On 5 July 1948, the National Health Service took over the ownership and management of the Infirmary. It was one of 14 hospitals under Liverpool Regional Hospital Board. During the 1950s and 1960s the hospital dramatically continued to improve and expand its facilities. This included the provision of emergency lighting, a staff canteen and improvements to staff accommodation. Also a new Pharmacy, which allowed the overrun Outpatient and Casualty Department to be separated into two distinct departments.
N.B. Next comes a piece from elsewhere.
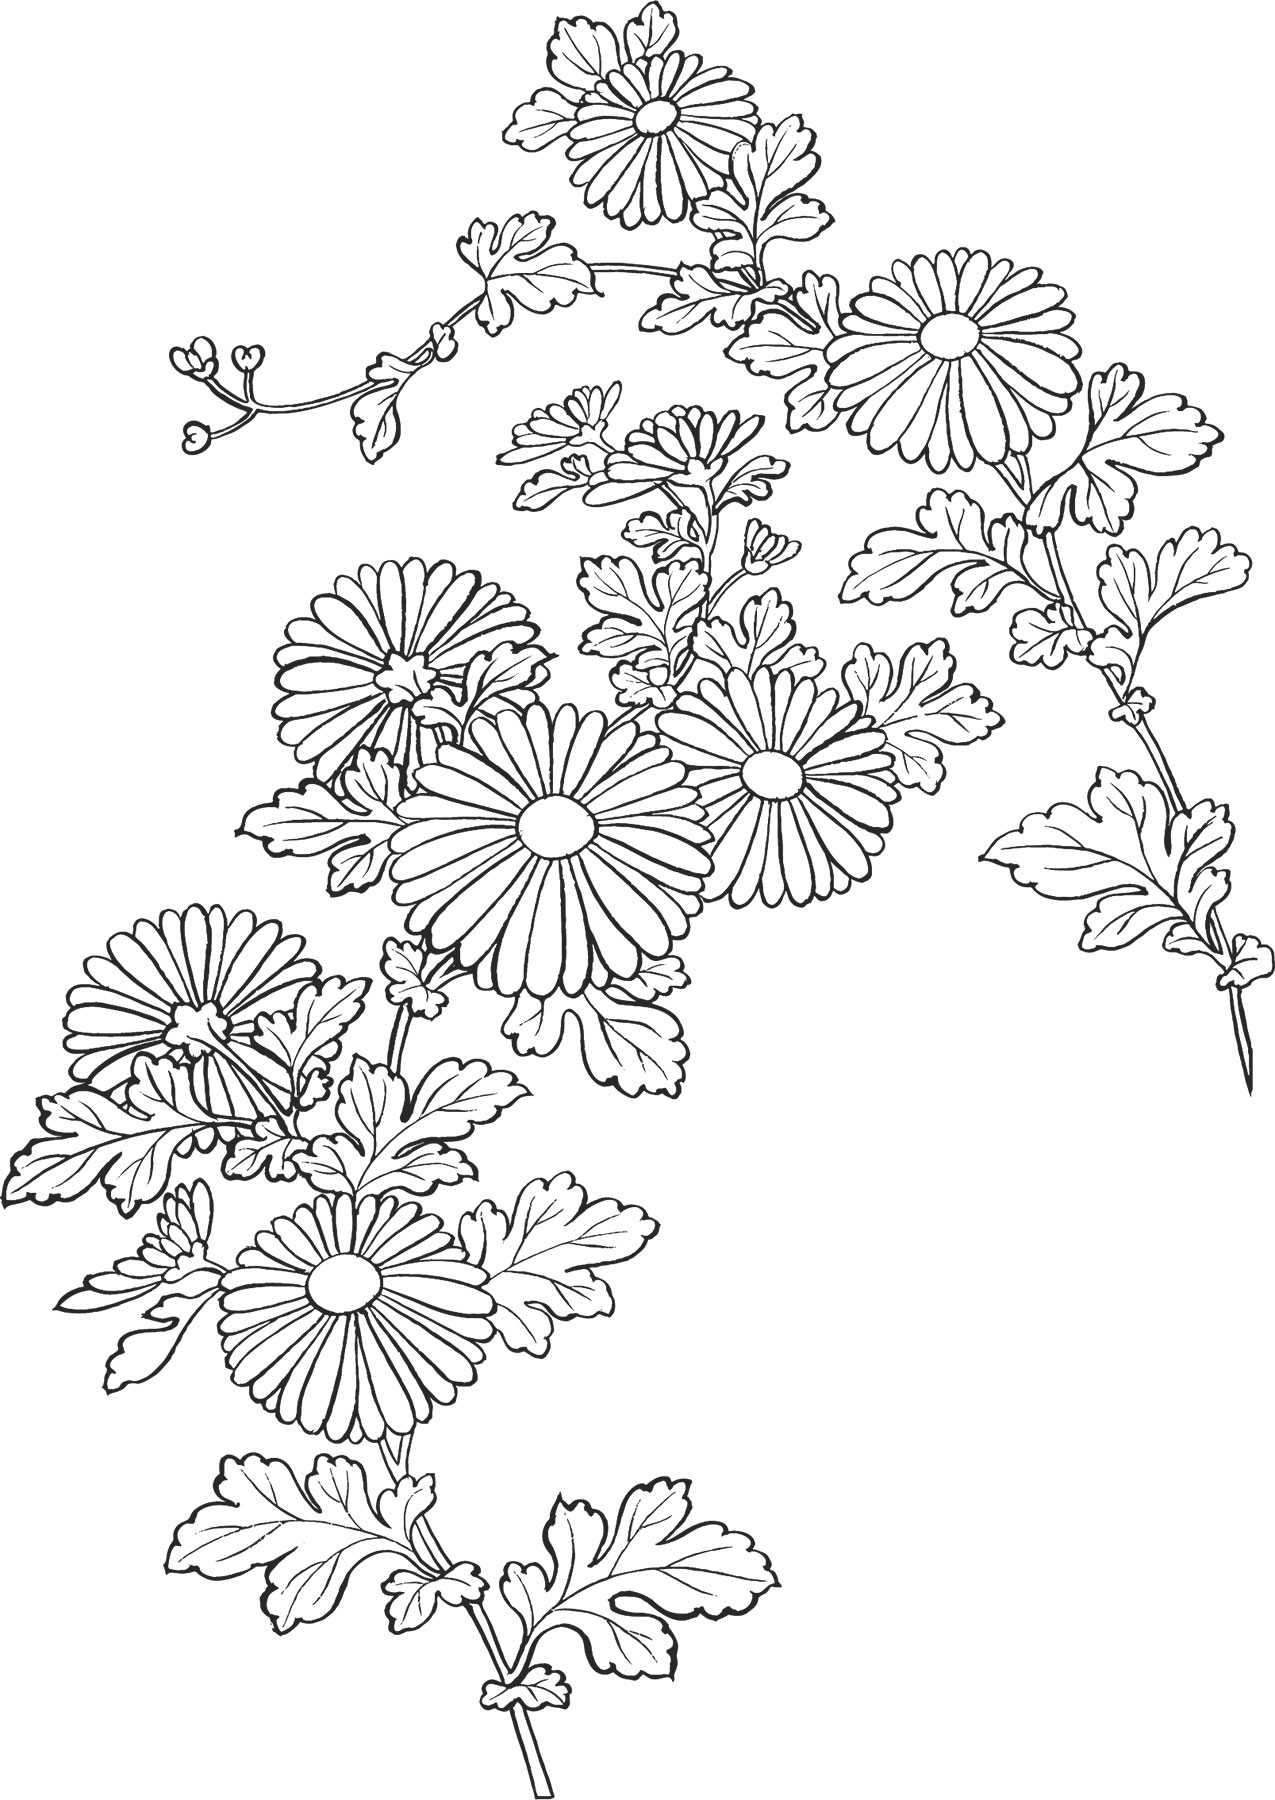 白黒の花のイラスト-白黒・菊・茎葉

In 1963 saw the improvements and extensions to the theatre facilities and a new mortuary refrigeration unit was built. While in 1966 an automatic film processing unit was added to the X-ray Department.

The first half of the 1960s saw a thirty per cent increase in surgical work at the Infirmary and an increase of 20 per cent in all services at the hospital. In 1966 the total of beds the hospital offered was 104 and rising to 205 beds by 1978. The facilities at the Infirmary were stretched as the ever-increasing population continued to grow in the local area. It was identified by the health board that a new hospital was needed to provide sufficient facilities for the increasing demands. Plans were put in place for the building of the Southport and Formby District General Hospital on the former Kew Gardens site on Town Lane.

The vast majority of services moved to Southport and Formby District General Hospital in 1988. Some of the less acute services, such as the eye unit, the ear, nose & throat unit, audiology, chiropody, speech therapy, services for the elderly and some pathology services, remained at the Infirmary with the main entrance relocated to Pilkington Road. Also the spinal injuries unit moved from the Southport Promenade Hospital to the Southport General Infirmary at that time.

The Christiana Hartley maternity unit and the other remaining services provided on the infirmary site moved to new accommodation at the Southport and Formby District General Hospital in 1999. The infirmary was demolished in 2008 and the site was subsequently redeveloped for residential use as Hartley Grange.